Following on from last year’s disappointing Primus album (Primus and The Chocolate Factory - based on the original sound track of Willy Wonka and The Chocolate Factory), I settled down with little expectation, but to my surprise, this album is a marked step up from that. Lennon proves himself to be not only a fine guitarist but a very talented multi-instrumentalist. Songs like "Mr. Wright", with its dexterous bass line sound like they would fit on to any of the albums recorded earlier in Primus’ now lengthy career. Claypool is certainly the senior partner but Lennon does contribute some lead vocals and his voice fits well with Claypool’s oddball delivery. There is clearly some influence garnered from his mother but Lennon's songs (The Cricket and the Genie being an excellent example) are definitely not overshadowed by Claypool’s.
This album is a much more focused beast than one would expect, especially for one produced by two such acknowledged eccentrics. Claypool clearly revelling in Lennon’s abilities behind the kit by allowing the younger man to play the drums, whereas he would normally undertake skin-bashing duties on his solo efforts. The Monolith of Phobos is an album Claypool has needed to make for some time now and the success of it is in no small part down to Lennon's fantastic guitar playing. A lot of his recent albums feature very clever musical pieces and the usual amount of wackiness but unlike earlier works, there weren’t enough songs that would lodge themselves in your brain. This situation has been remedied, and in spades, with the likes of the aforementioned “Mr. Wright”, “Captain Lariat”, “Ohmerica” and “Oxycontin Girl” as good as anything Claypool as put his name to within the last 10 years.

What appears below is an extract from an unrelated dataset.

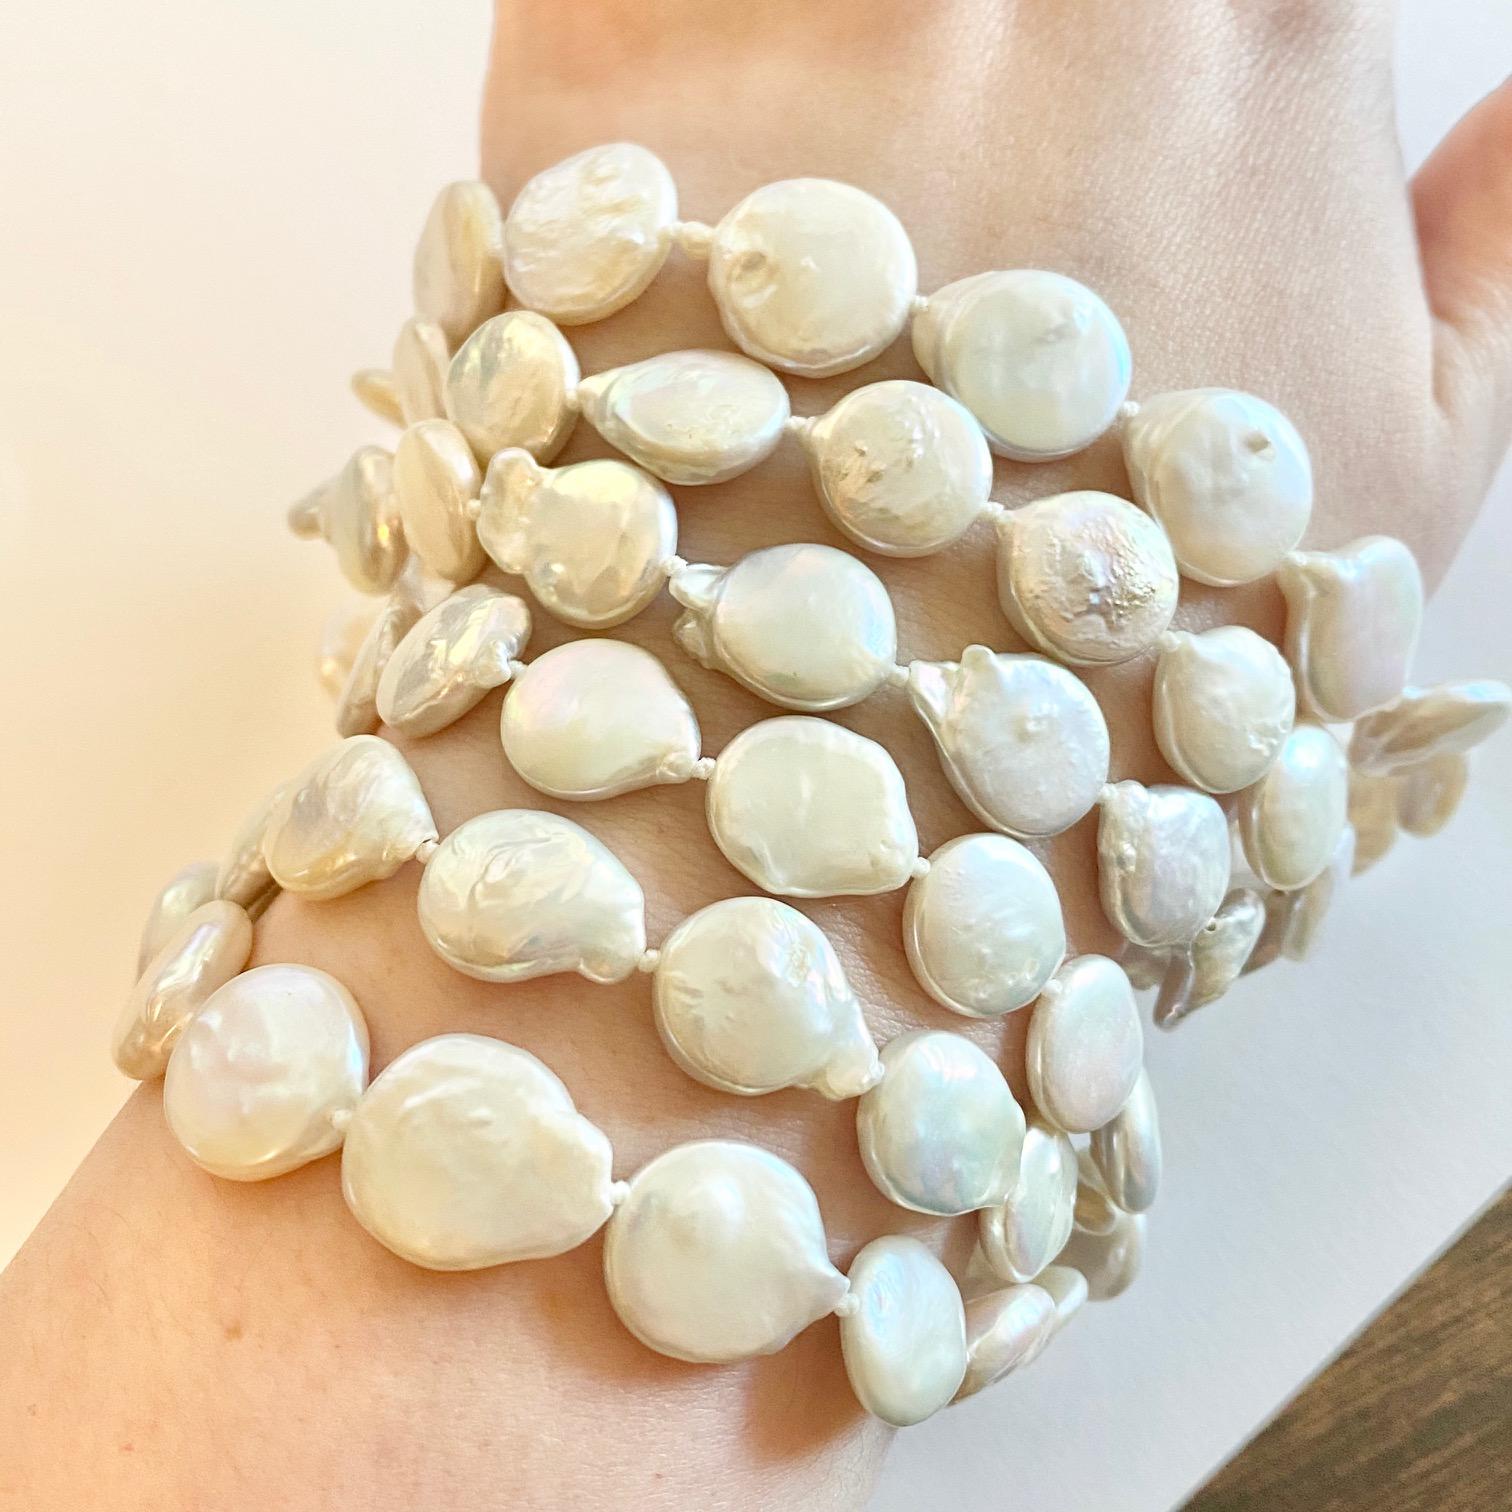 This necklace is a classic!! Pearls are always in style and represent tons of class and style and these cultured pearls have incredible luster! These are genuine coin pearls that have a gorgeous cool toned off white hue to them. These pearls have a

The Claypool Lennon Delirium seems like the sort of project that won’t have much of a shelf-life, which is a shame seeing as this album is very good indeed. The usual caveat applies - this album will not win over the masses but for fans of Primus and Les Claypool, this is certainly up there with anything else he has put his name to. Besides, any album that finishes with an instrumental called “There’s No Underwear in Space” has got to be worth checking out!